About this task ->
The lines you should transcribe are those from the one containing "File:Focusrite Studio Console" to the end of the listing below, exactly, with pictures left out.

======== Raw data ========

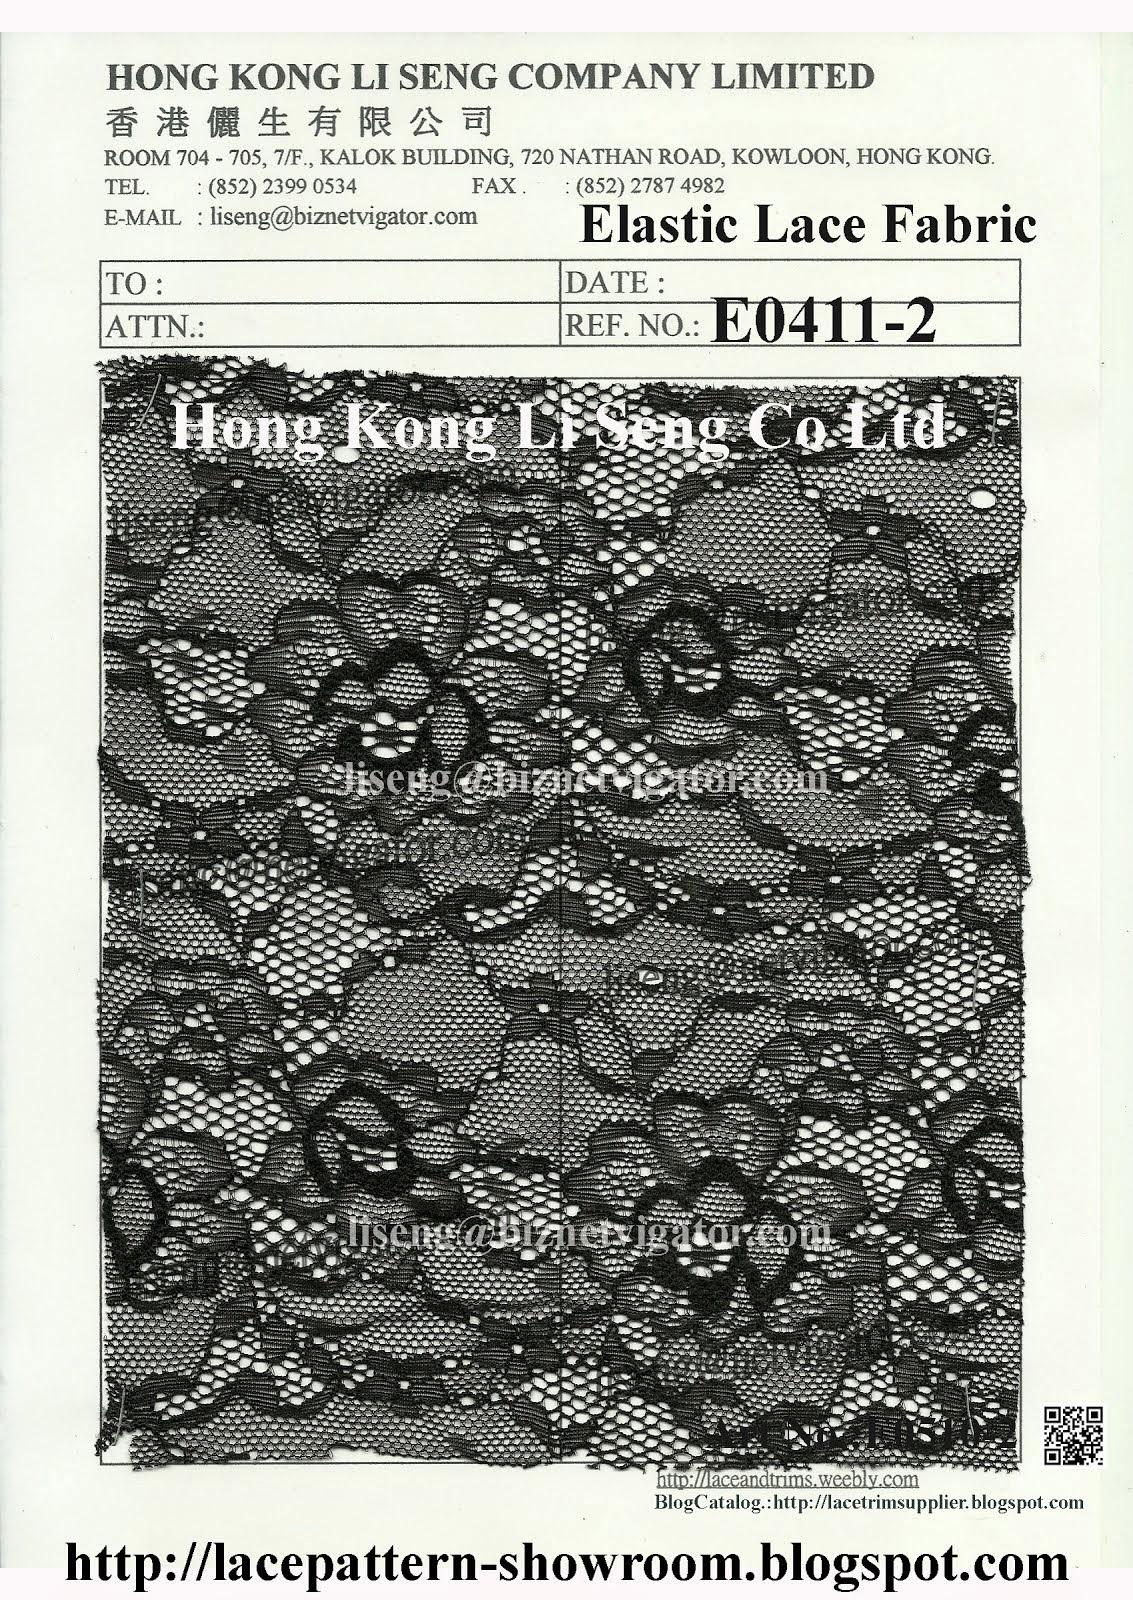 Elastic Lace Fabric Manufacturer Wholesaler and Supplier - Hong Kong Li Seng Co Ltd
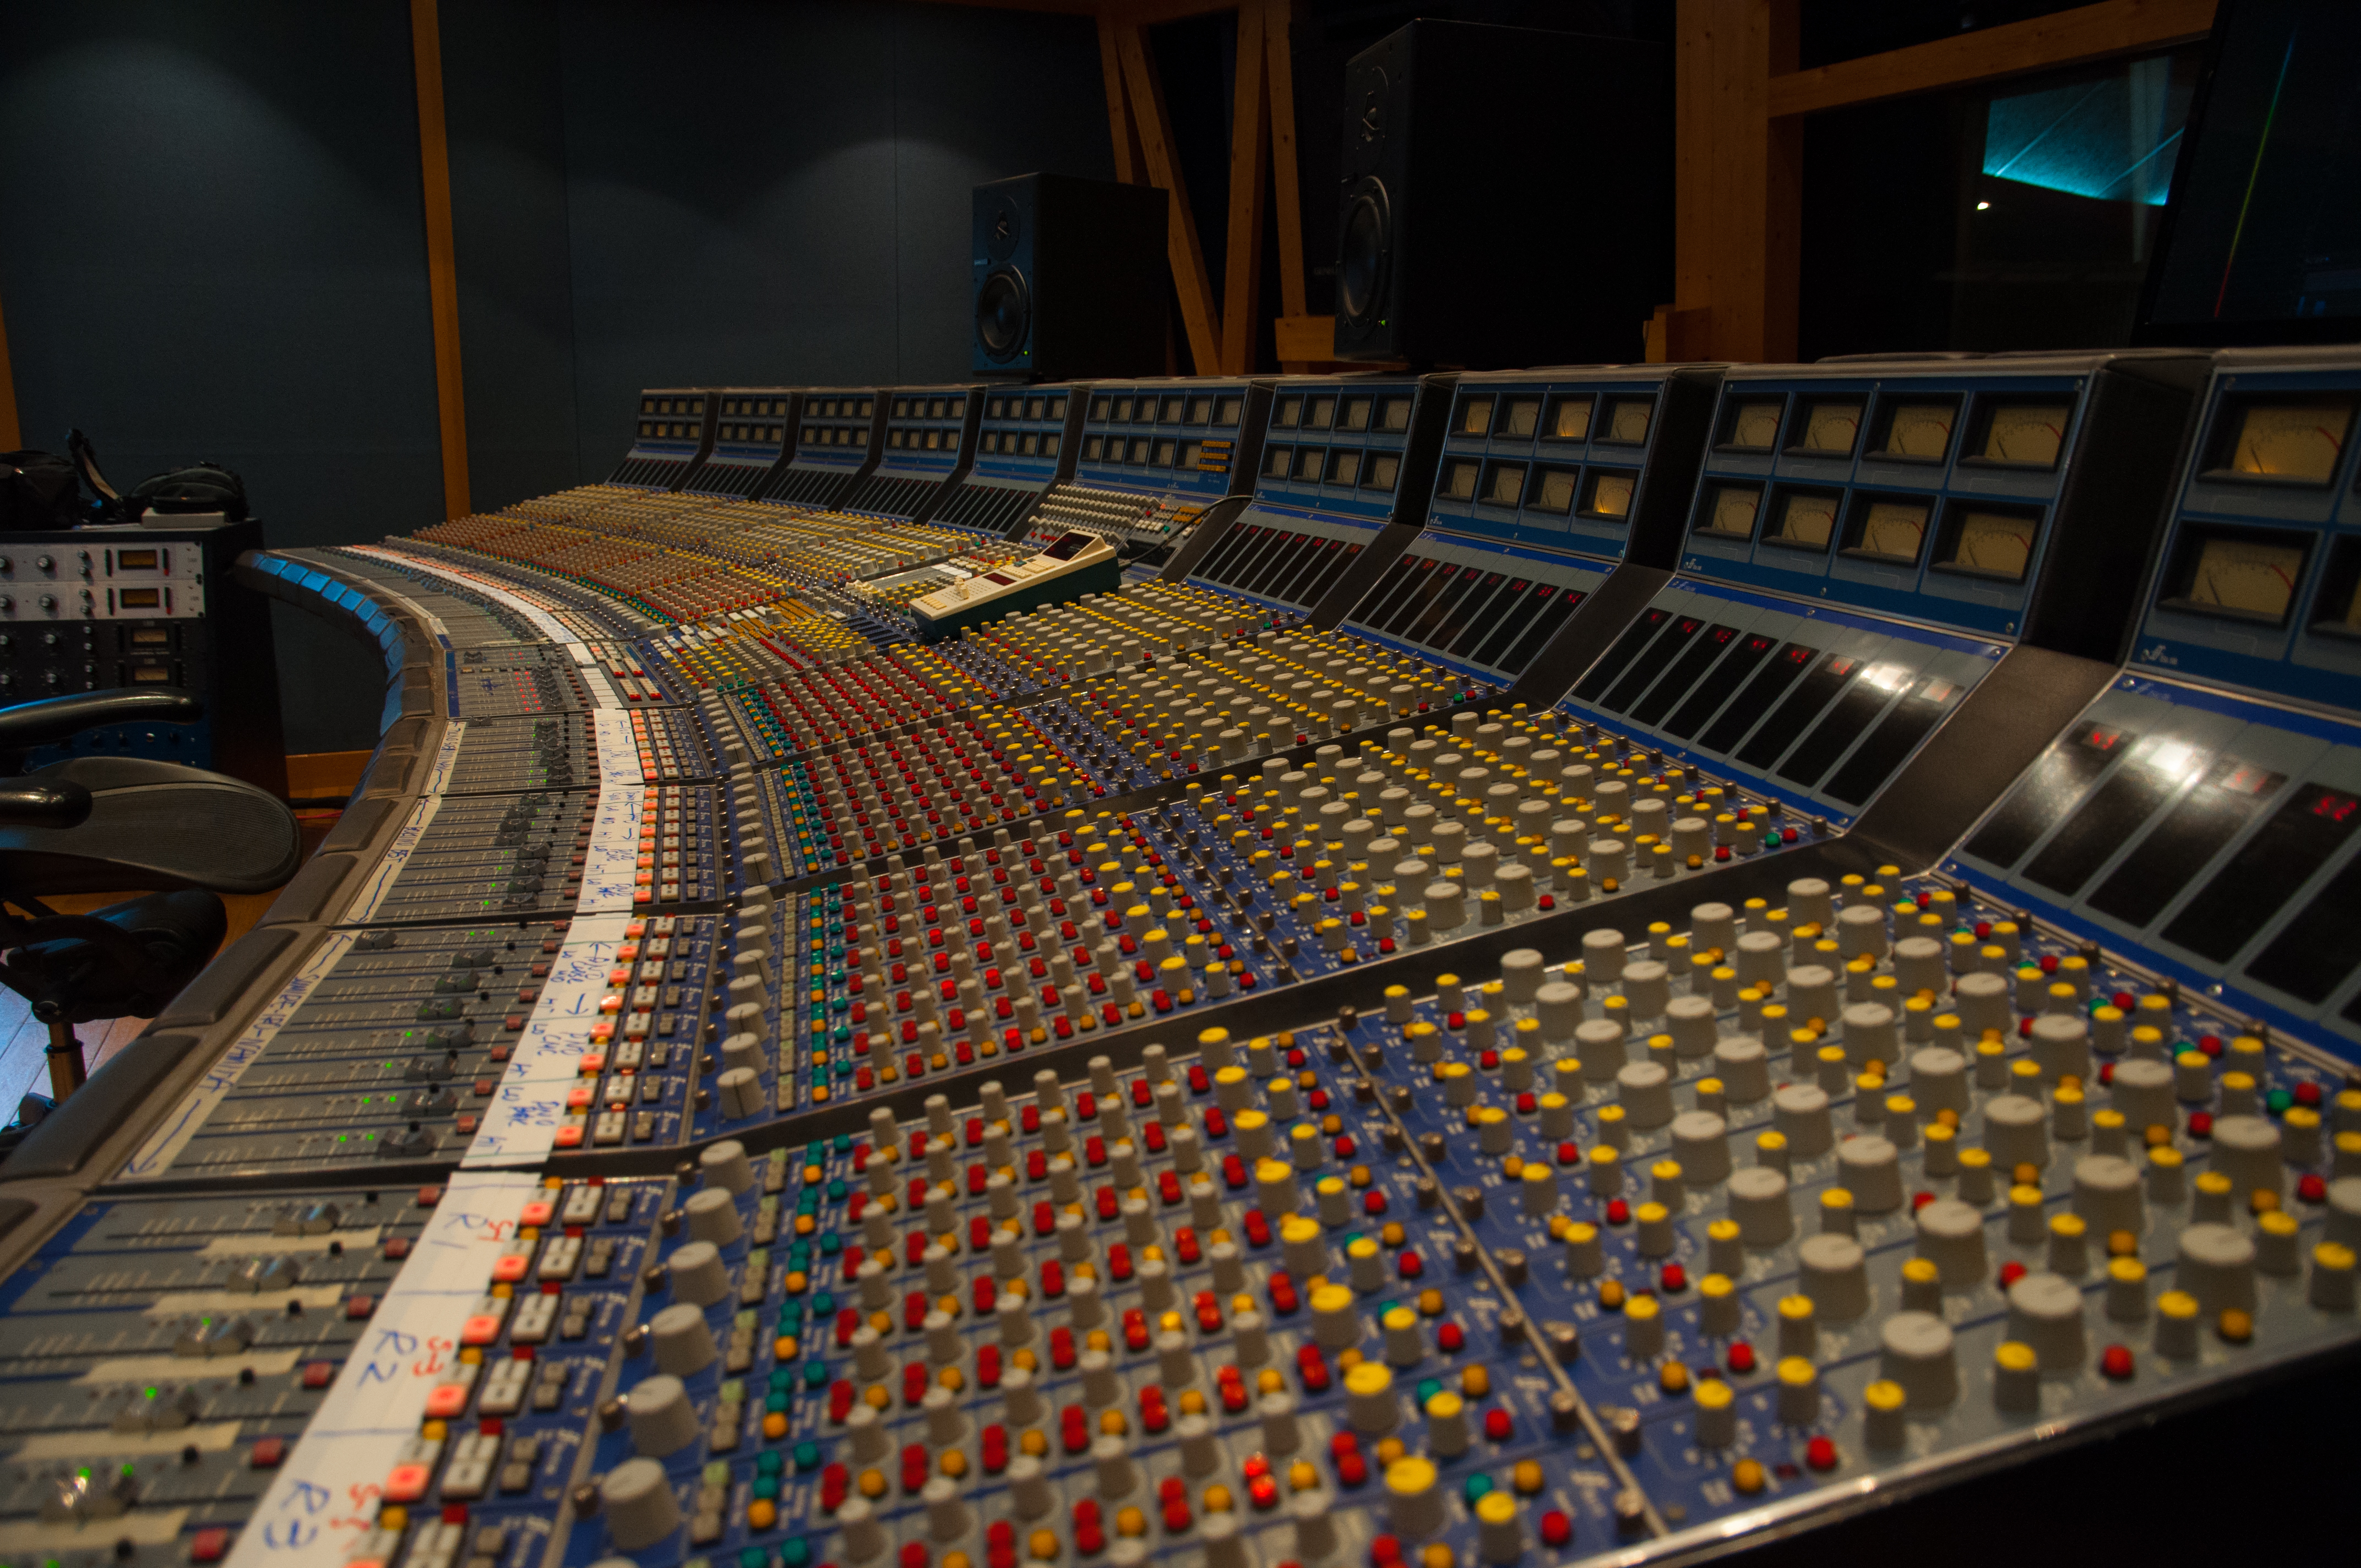 File:Focusrite Studio Console @ Sound City Setagaya DSC 1931 jpg
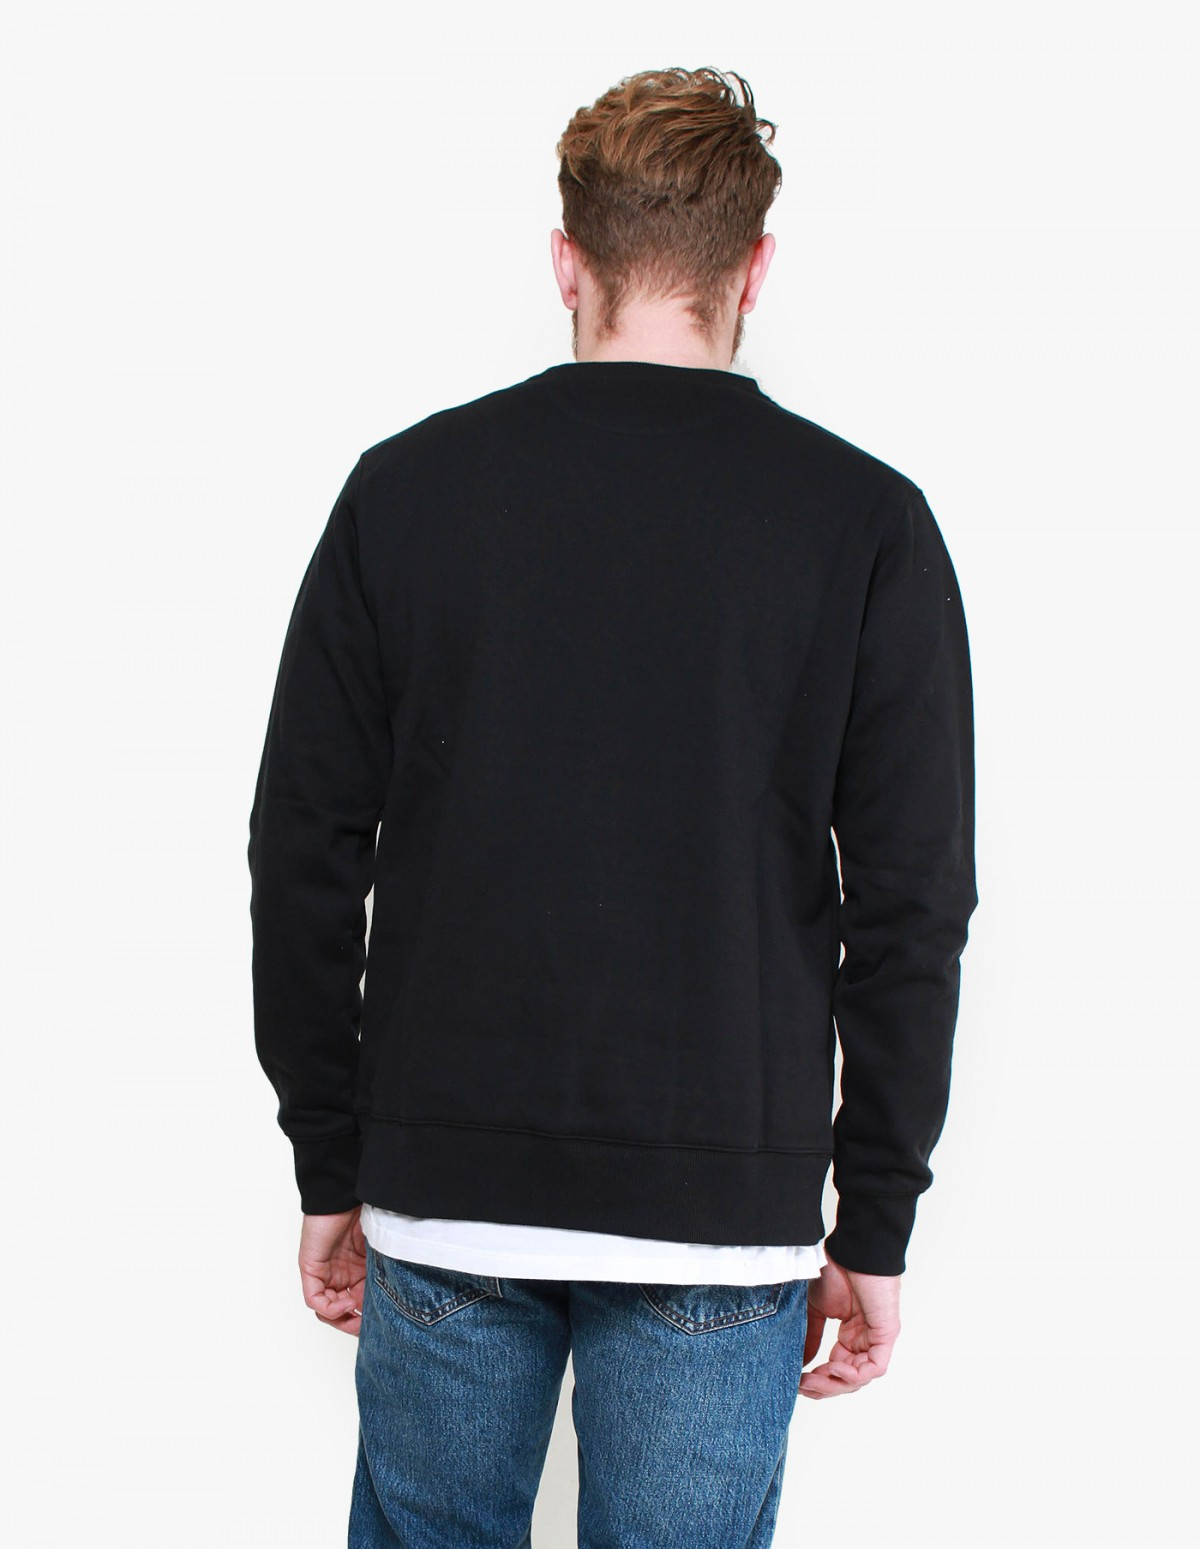 Penfield Kendrick Crew in Black

========

Your solution ->
 File:Focusrite Studio Console @ Sound City Setagaya DSC 1931 jpg
 Penfield Kendrick Crew in Black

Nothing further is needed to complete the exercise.